The Supreme Court judgement in Gujarat Lokayakuta case
Arun Jaitley
Several States enacted the Lokayukta laws in 1986. The State legislations were based on a draft law circulated by the Centre. The language of the provisions relating to the appointment of Lokayukta is identical in most States. Section 3(1) of the Gujarat Act reads as under:
“For the purpose of conducting investigations in accordance with provisions of this Act, the Governor shall, by warrant under his hand and seal, appoint a person to be known as the Lokayukta.
Provided that the Lokayukta shall be appointed after consultation with the Chief Justice of the High Court and except where such appointment is to be made at a time when the Legislative Assembly of the State of Gujarat has been dissolved or a Proclamation under Article 356 of the Constitution is in operation in the State of Gujarat, after consultation also with the Leader of Opposition in the Legislative Assembly, or if there be no such Leader, a person elected in this behalf by the members of the Opposition in that House in such manner as the Speaker may direct.”
The language of the Section is clear. There is no ambiguity. When the language is clear, the rule of strict interpretation must apply. The section envisages the appointment to be made by the Governor. Under our constitutional scheme the governor acts on the aid and advice of the Council of Ministers. The role of the Governor is a non-activist one.
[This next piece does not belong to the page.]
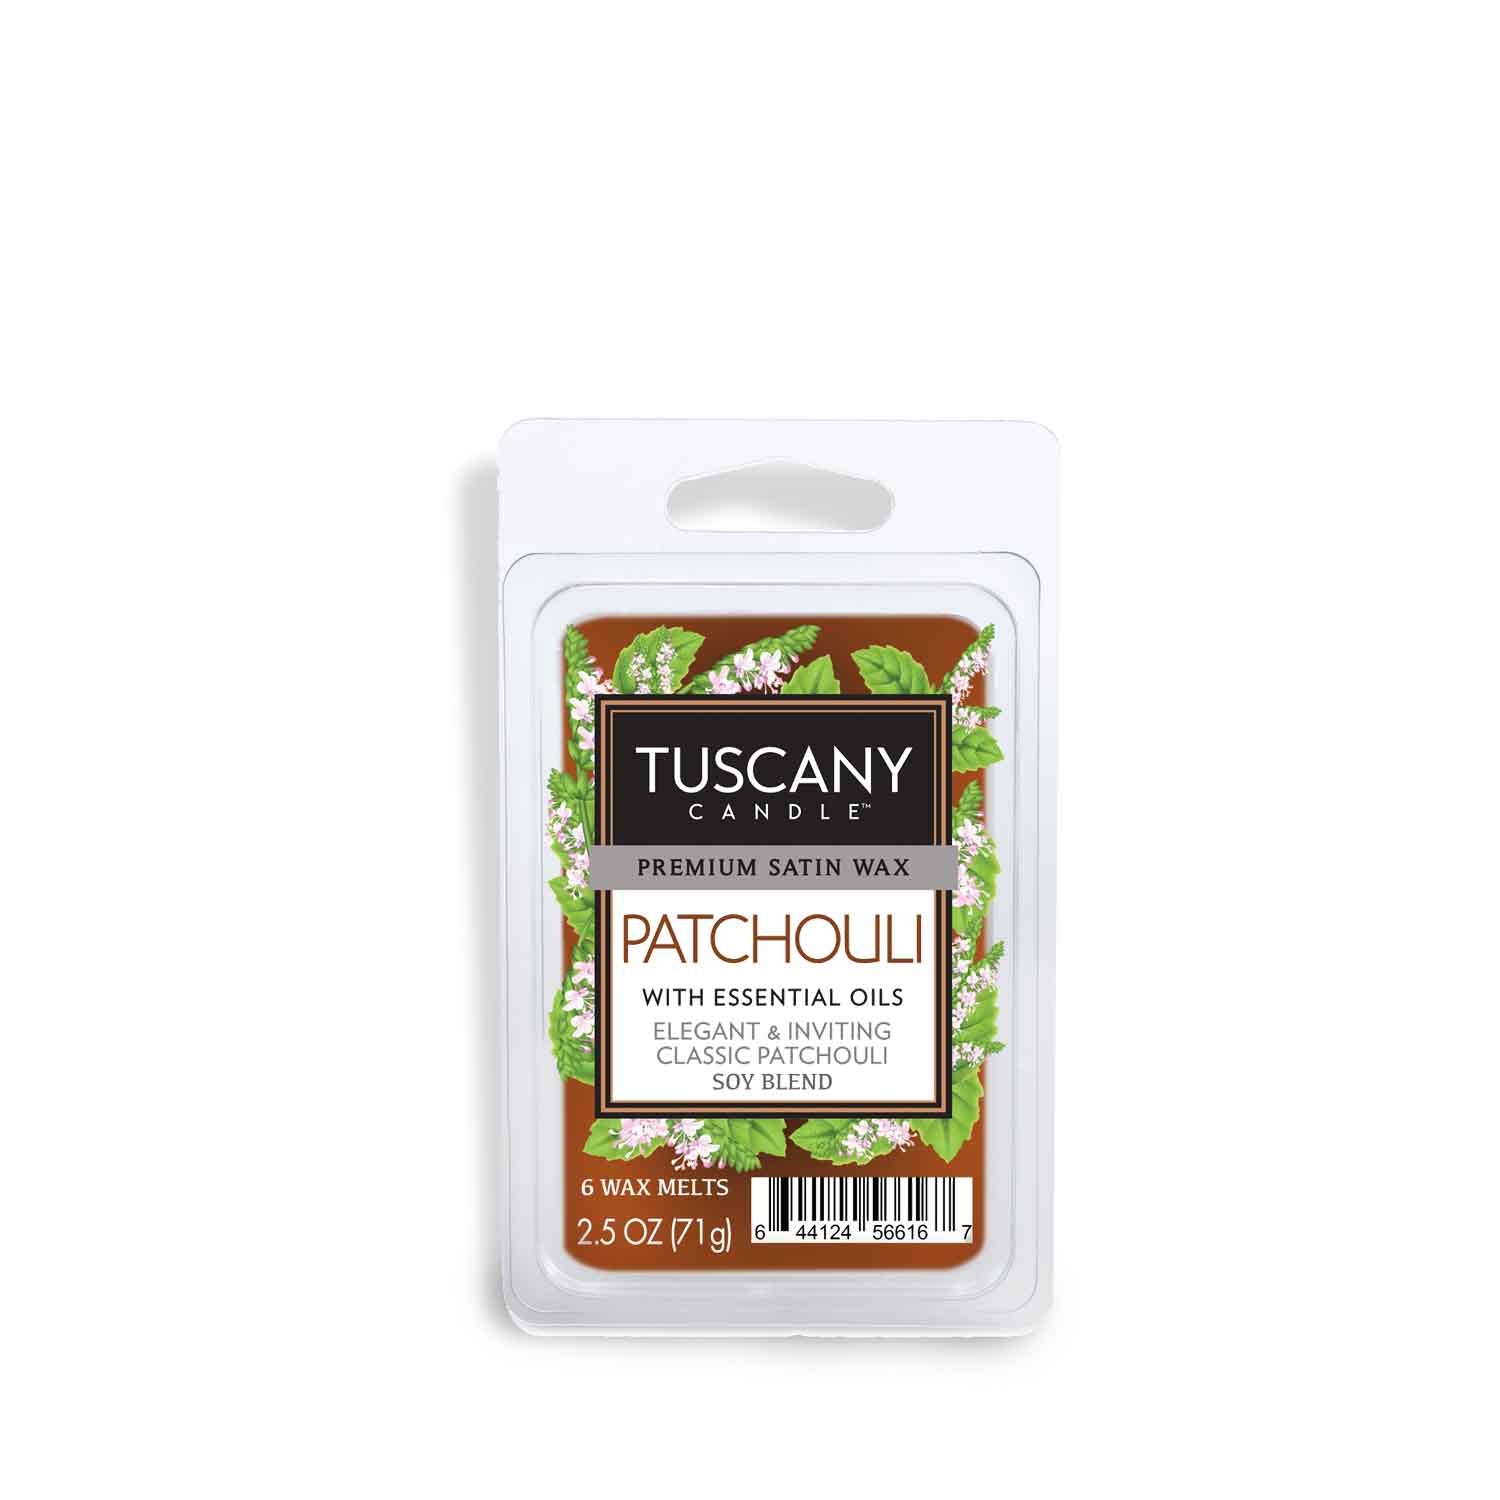 Experience the captivating fragrance of our Patchouli Scented Wax Melt (2.5 oz) from Tuscany Candle®. Our Tuscany-inspired wax melt tart bars will transport you to a land of serenity and bliss. Enjoy the rich aroma that

The consultation, therefore, in the name of the Governor has to be made by the Council of Ministers through the Chief minister. It is the Chief Minister who has to consult the Chief Justice of the High Court and the Leader of
Opposition in the Legislative Assembly.
There are four constitutional authorities involved in the process. The Chief Minister must consult the Chief Justice; he must consult the Leader of Opposition. He must then forward the recommendation to the Governor who must act on the aid and advice of the Council of Ministers. The role of the Governor is minimal. The Chief Justice and the Leader of Opposition are a part of the consultation process with the Chief Minister.
This scheme was enacted as a part of the constitutional mechanism where the Governor, the Opposition and the Chief Justice are a part of the consultation process. The key instrumentality in the consultation is the Chief Minister. He has to engage in the consultation. The Governor is the fourth agency who must grant approval on the aid and advice of the Council of Ministers. The constitutional mandate of separation of powers is intrinsically a part of the constitutional balance which is maintained between the different organs of the State. The interpretation given by the Supreme Court to the “consultation” with the Chief Justice now implies that there is a primacy of the opinion of the Chief Justice.
A reading of the judgement of Supreme Court not only gives to the Chief Justice’s opinion a primacy, it gives it an ‘exclusivity’ thereby rendering the role of the Chief Minister and the Leader of Opposition completely redundant and otiose. The Supreme Court has observed that “the purpose of giving primacy to the opinion of the Chief Justice is for the reasons that he enjoys an independent status and also because the person eligible to be the Lokayukta is from the retired judges of the High Court, the Chief Justice is therefore the best person to judge suitability for the post. The Chief Justice has primacy of the opinion in the said matter. The non acceptance of such recommendation by the Chief Minister remains ‘insignificant’. Thus it clearly emerges that the Governor under section 3 of the Act, 1986 has acted upon the aid and advice of the Council of Ministers. Such a view is taken considering the fact that section 3 of the Act 1986 does not envisage unanimity in the consultative process.”
As a part of India’s legislative and political process I seriously disagree with the observations of the Supreme Court. The Act framed by the Legislature does not give any primacy to the opinion of the Chief Justice. The fact that the Chief Justice is an independent constitutional authority does not imply that the Chief Minister or the Leader of “Opposition have no constitutional or statutory role particularly when the power to be exercised is an Executive function and not a Judicial one. There is no presumption that the Chief Justice alone is the best judge with regard to the performance of retired judges. Quite to the contrary, the system of judges alone appointing judges and the judges alone judging judges has not worked satisfactorily in India. Many regard it as a failed system. The demand for a broad based National Judicial Commission is legitimate and logical. It is based on the experience of the system that the existing system of judges appointing judges and judges alone judging judges is not the best system available.
There are other relevant inputs which can be made by the other constitutional authorities. The Legislature envisages that these constitutional authorities are to be a part of the consultation process. Their role is of an equal participant and not ‘insignificant’. The Judgement has evolved the role of the Chief Justice from being privy to the consultation process to one of ‘primacy’ and eventually to ‘exclusivity’ thus rendering role of the other constitutional authorities as ‘insignificant’. The judgement does not stop at that. The direct letter of the Chief Justice to the Governor without an accompanying aid and advice of the Council of Ministers is now treated as the aid and advice of the council of ministers since the consultation process does not envisage a unanimity. So insignificant is the role of Council of Ministers that its’ dissent is treated as an aid and advice to the Governor.